An official survey released Saturday said that China’s factory activity expanded in September at the fastest pace in five years, as the country’s vital manufacturing sector stepped up production to meet strong demand.
The official manufacturing purchasing managers’ index rose to 52.4 in September, up from 51.7 in the previous month and the highest level since April 2012.
The report by the Federation of Logistics & Purchasing said production, new export orders and overall new orders grew at a faster pace for the month.
“The manufacturing sector continues to maintain a steady development trend and the pace is accelerating,” said Zhao Qinghe, senior statistician at the National Bureau of Statistics, which released the data. Zhao noted that the report found both domestic and global demand have improved.

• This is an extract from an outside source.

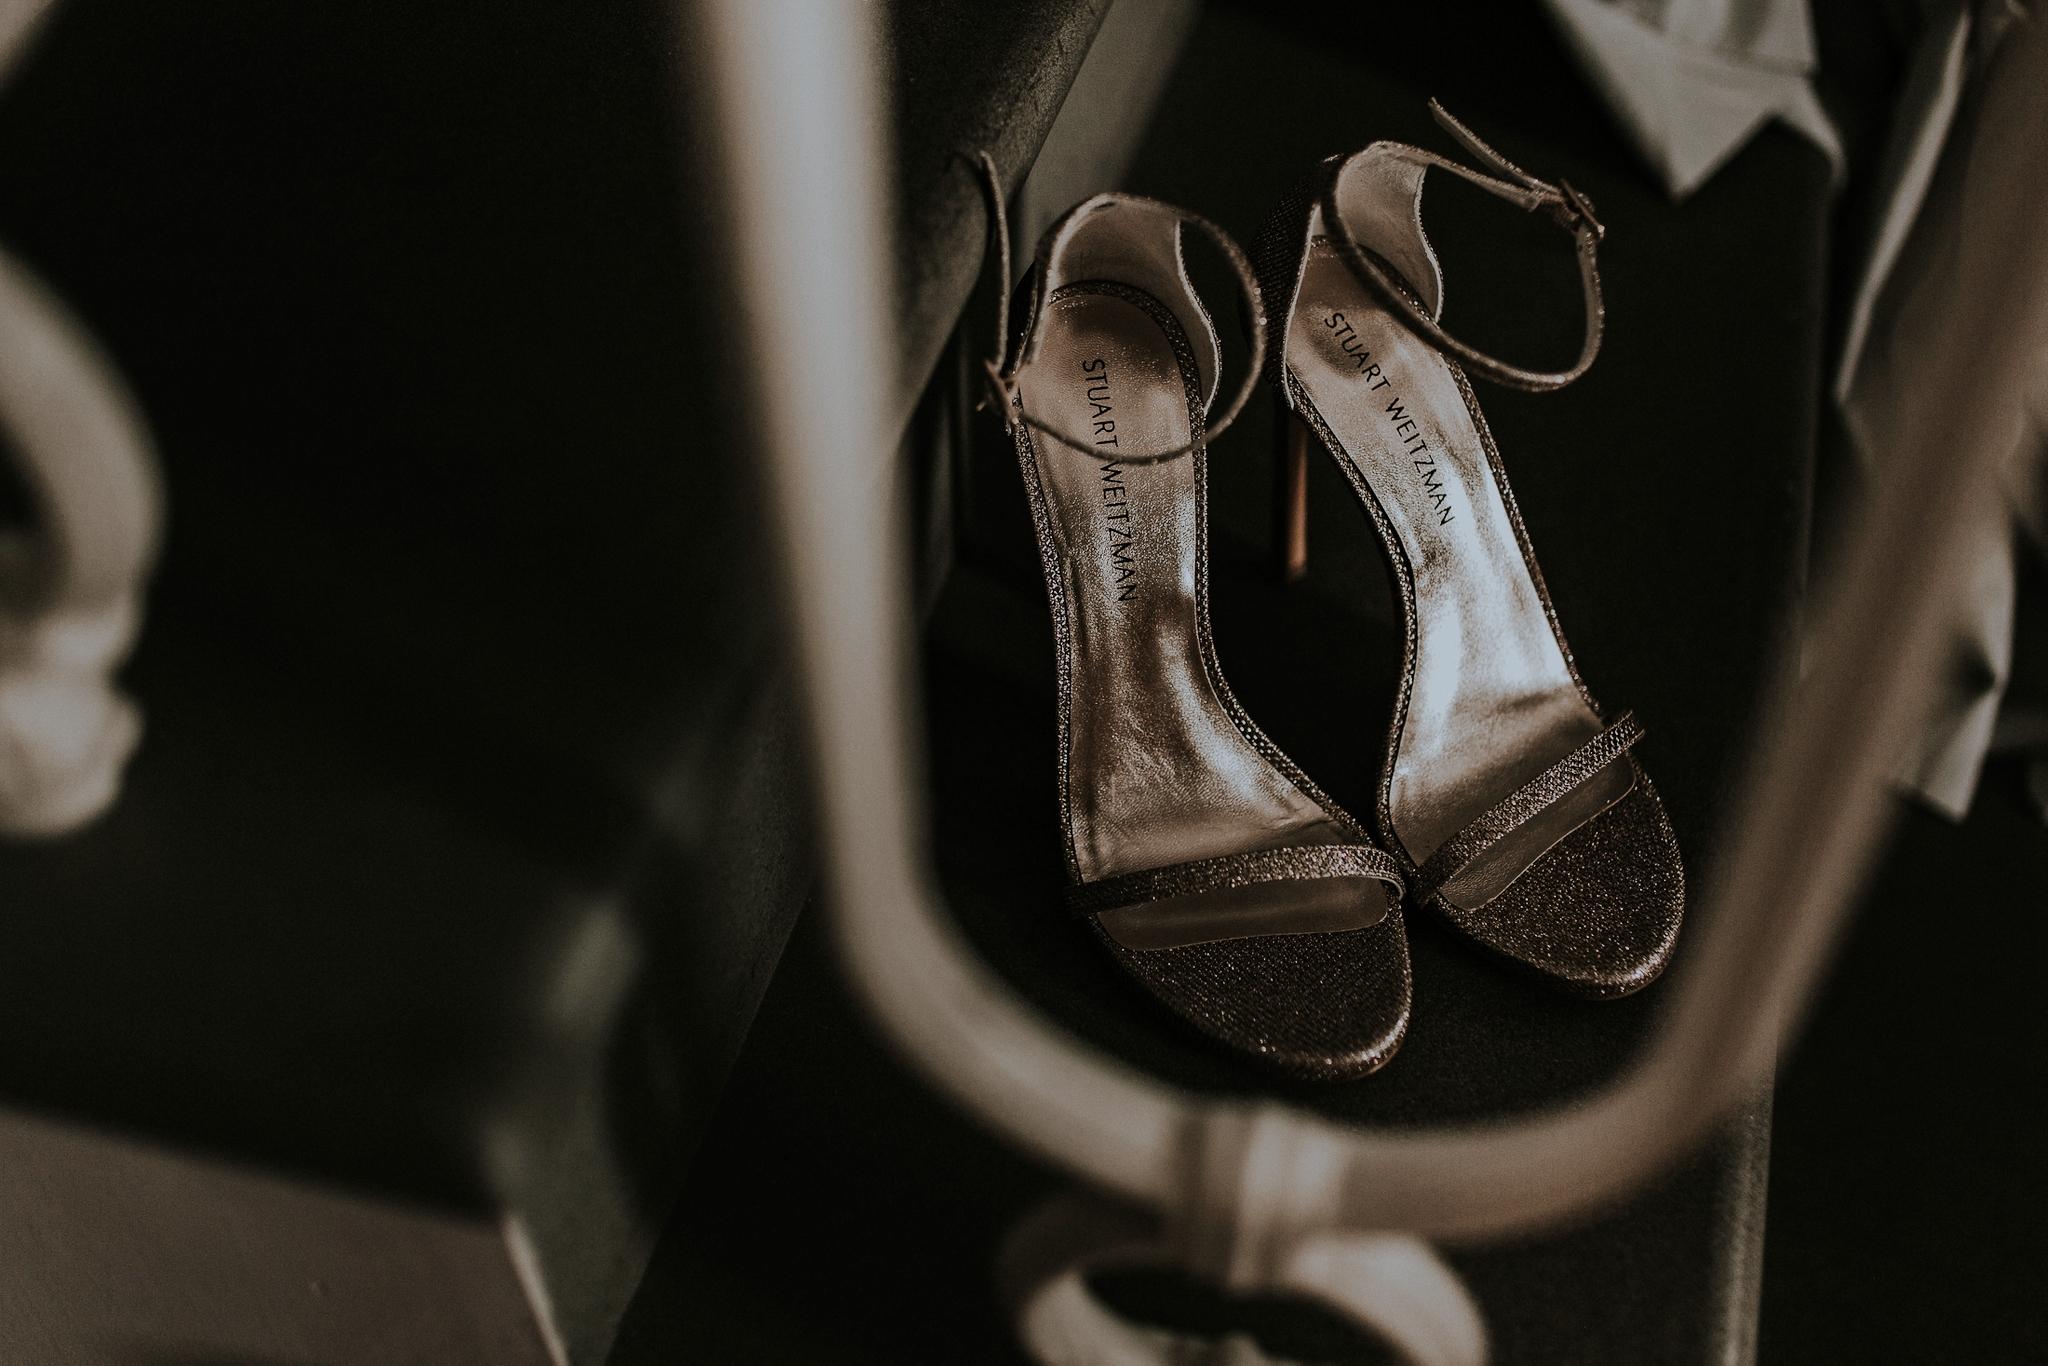 destination-austin-wedding-photographer-italy-florence424.JPG

However, in a separate report, the private Caixin/Markit manufacturing PMI slipped to 51.0 from 51.6, as factories reported that production and new orders expanded at slower rates last month.
Both indexes are based on a 100-point scale with 50 dividing expansion from contraction. But the federation’s report is focused more on large, state-owned enterprises while the Caixin survey is weighted to smaller, private companies.
Another official index covering non-manufacturing activity rebounded after two months of contraction, rising to 55.4 last month from 53.4 in August. That indicates momentum is picking up again in China’s service sector.
The reports come ahead of the ruling Communist Party’s twice-a-decade congress set for next month, where top leaders will be reshuffled and authorities will outline economic policies.
Earlier this month, rating agency Standard & Poor’s downgraded China’s credit rating on government borrowing, citing rising debt levels that raise financial risks and could drag on economic growth.